# Custom text on the DIS LCD!



## horseoutside (May 29, 2013)

Just got this working - I can send arbitrary text to the radio/CD status area of the DIS:




























Figured out the protocol the stock radios use to talk to the DIS, and I'm using a Raspberry Pi to send compatible messages to the DIS. Technical detail to follow later.

I intend to use this to display status from the onboard computer and whatever I can read out of some VCDS compatible software.

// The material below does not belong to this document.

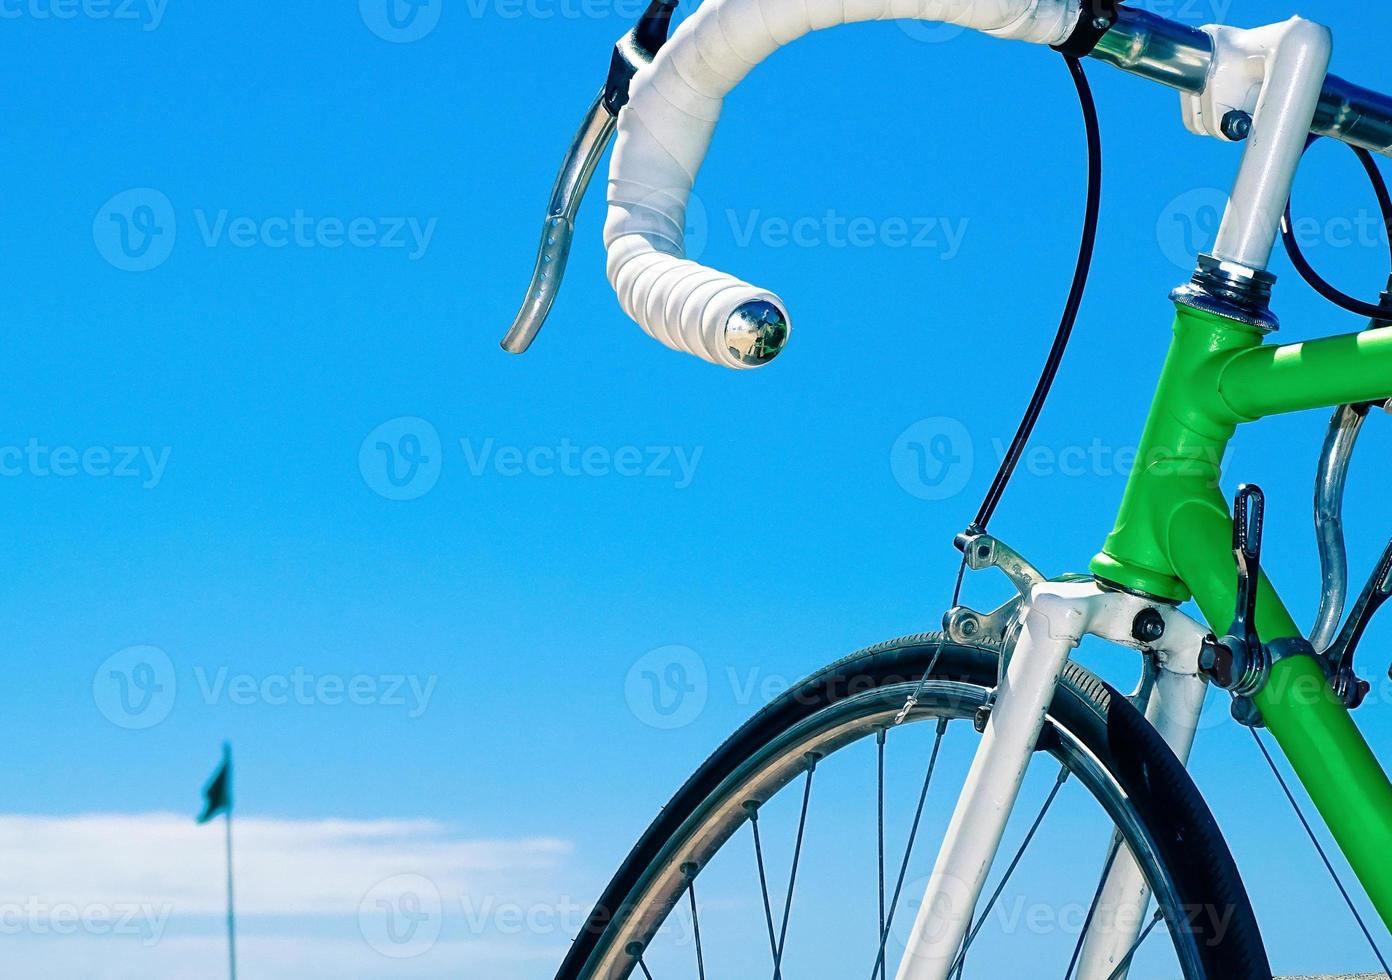 bici da corsa verde con il manubrio bianco su sfondo blu cielo foto

Hopefully boost pressures - I have a BAM engine so I think it has the MAP sensor I need for this, right?

Any other ideas for what I can use this segment of the DIS for?


----------



## friktat (Sep 12, 2013)

i replace my cd player kenwood , and i dont have any info on this top screen , why ?


----------



## TTSPORT666 (Dec 1, 2011)

Well done...this is awesome..  Look forward to the details.

Damien.


----------



## horseoutside (May 29, 2013)

friktat said:


> i replace my cd player kenwood , and i dont have any info on this top screen , why ?

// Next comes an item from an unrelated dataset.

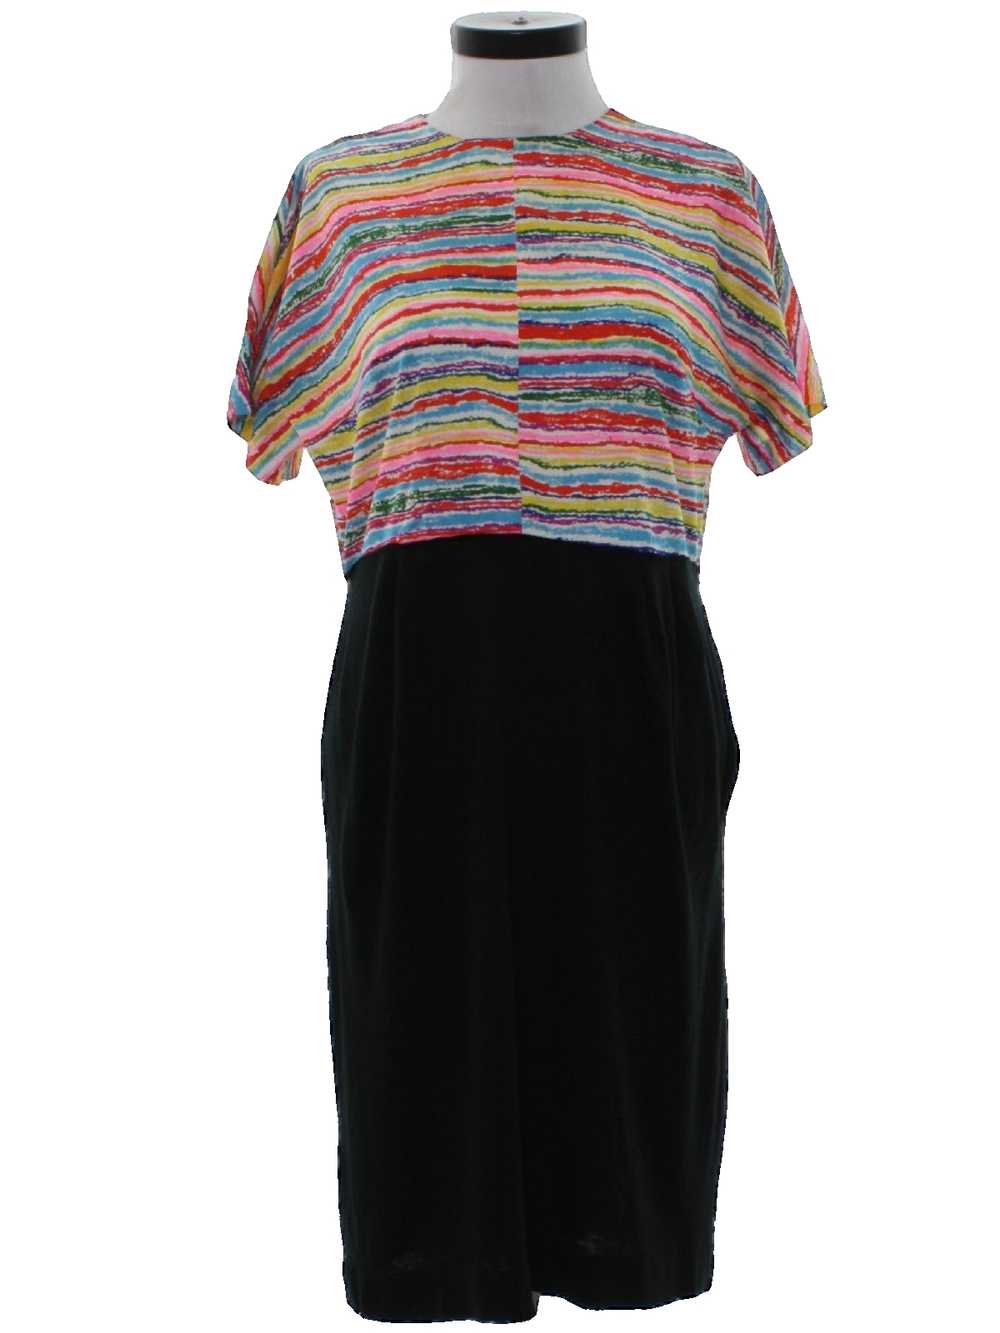 1960's Mod Knit Dress - image 1

I'm not aware of any aftermarket head units that can send data to the DIS, except the very experimental stuff I have above.


----------



## toy4two (Jan 29, 2012)

wow that is so cool.


----------



## HIRAM (Feb 15, 2010)

Clever stuff ... [smiley=mexicanwave.gif] [smiley=mexicanwave.gif]...Rob


----------



## Garth (Feb 7, 2012)

Good work that. Much more impressive than the usual LCR front splitter threads :grin:
I'd be interested in the details of this


----------



## conlechi (May 6, 2006)

Very clever indeed 8)


----------



## Spaceman10 (Nov 15, 2011)

That's really good mate

Well done


----------



## V6RUL (May 28, 2009)

Dare I say, ground breaking.. 8) 
Steve


----------



## s3tt (Jul 10, 2012)

V6RUL said:


> Dare I say, ground breaking.. 8)
> Steve


There are similar things available, but nothing open source.. It has the potential to be very useful all the same..


----------



## Tritium (Apr 25, 2011)

Well done!
Good to see to entrepreneurial spirit lives in. mk1 owner

" insert coin" seems to have lost you 5 miles range. :lol:

Do put any contentious words up your TT may not be kind!

Brian


----------



## John-H (Jul 13, 2005)

Nice one. Another use for a Raspberry Pi 

You can read back manifold absolute pressure in mBar on measuring block (115) from the ECU and subtract atmosphere, calibrated at ignition switch on perhaps, leaving you boost as a useful display


----------



## Wak (May 6, 2002)

Very impressive as you mention getting VCDS stuff displayed would be great

Maybe scope to partner up something with liquidTT?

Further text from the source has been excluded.